Dysmorphic facial features (micrognathia, anteverted nostrils, V-shaped upper lip, webbed neck, microglossia, cleft/high palate, bifid uvula, and thick maxillary-alveolar protrusions), microcephaly, mental retardation, hypotonia, premature closing of the fontanel, polydactyly, syndactyly of the 2nd and 3rd toes, and genitourinary anomalies (cryptorchidism, hypospadias, clitoral hypertrophy, and ambiguous genitalia) are common anomalies in Type 2 SLOS with severe clinical course.[5] Less commonly, hypertelorism, cataracts, short limbs, hydrocephalus, lissencephaly, central nervous system anomalies such as corpus callosum agenesis, atrial/ventricular septal defect, cardiac anomalies such as patent ductus arteriosus,[6] lung development anomalies (single lung), hypertrophic pyloric stenosis, Hirschsprung,[7] gastrointestinal pathologies such as pancreatic islet cell hyperplasia, adrenal gland pathologies, and sacral dimples can be seen. In our case, there were congenital anomalies of many systems as well as growth and developmental delay, as in the literature. However, he was diagnosed with pyloric stenosis in the clinic where he presented with vomiting and was operated on, and later, congenital anomalies were observed in the pediatric clinic (Figs. 1-4). While generally suspicious genital findings are seen in boys, normal genital structure is found in girls.[8] The testicles were observed in the inguinal canal in the pelvic USG performed due to the ambiguous genitalia observed in the external genitalia of our case. Karyotype testing was also found to be compatible with the male gender. Although decreased serum cholesterol levels are a marker for the diagnosis of SLOS, it has been reported that there is no correlation between plasma cholesterol level and disease severity.[5,9] Low 7-dehydrocholesterol level is important in the cases and it is stated that it indicates the level of the disorder in cholesterol production.[9] In our case, serum cholesterol level was found to be low and a diagnosis of SLOS was made by genetic examination.
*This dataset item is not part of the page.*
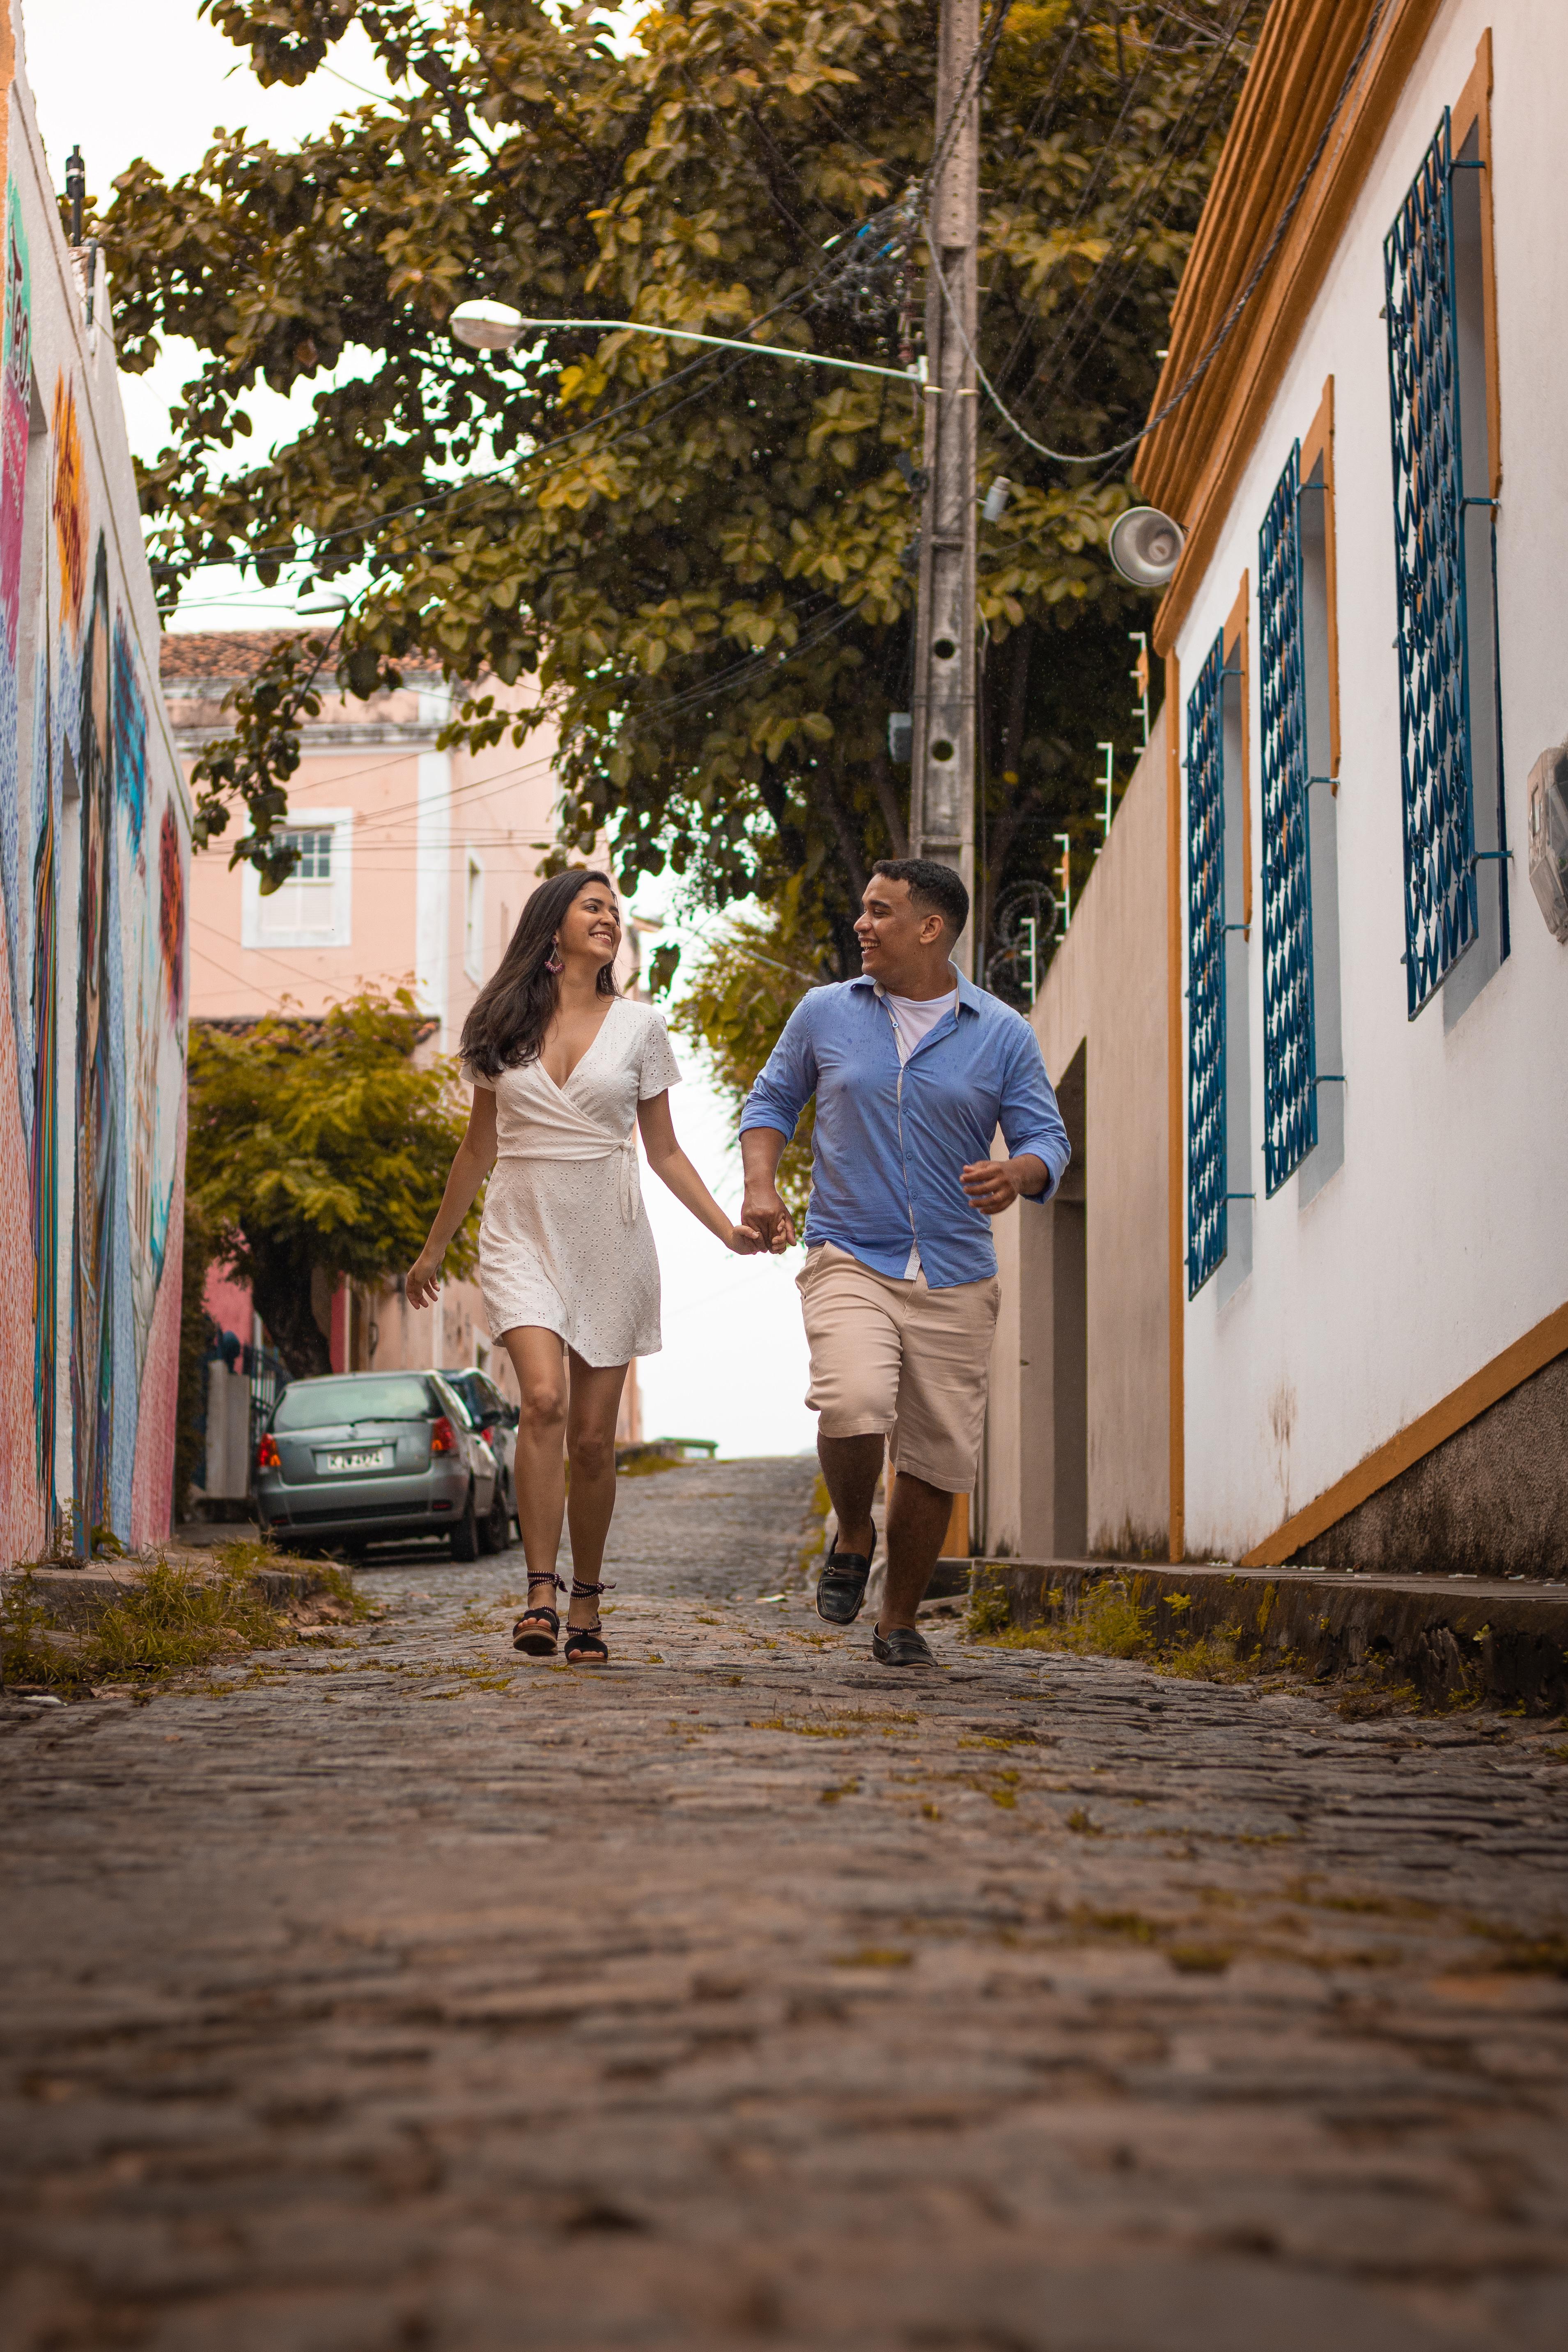 Woman Wearing White Dress Walking Beside of Man Wearing Blue Dress Shirt

In recent years, improvement in growth and neuromotor development of children has been reported with bile acid and cholesterol treatment.[10] We applied cholesterol and bile acid treatment to our patient, but he was lost due to organ failure due to other system anomalies.

Conclusion

SLOS, which is characterized by dysmorphic appearance and multiple anomalies, develops with cholesterol synthesis disorder. In our country, where consanguineous marriages are common, plasma cholesterol level should be checked in cases with malnutrition, vomiting, dysmorphic appearances, and anomalies, genetic examination should be performed considering SLOS in differential diagnosis and genetic consultation should be recommended to the family.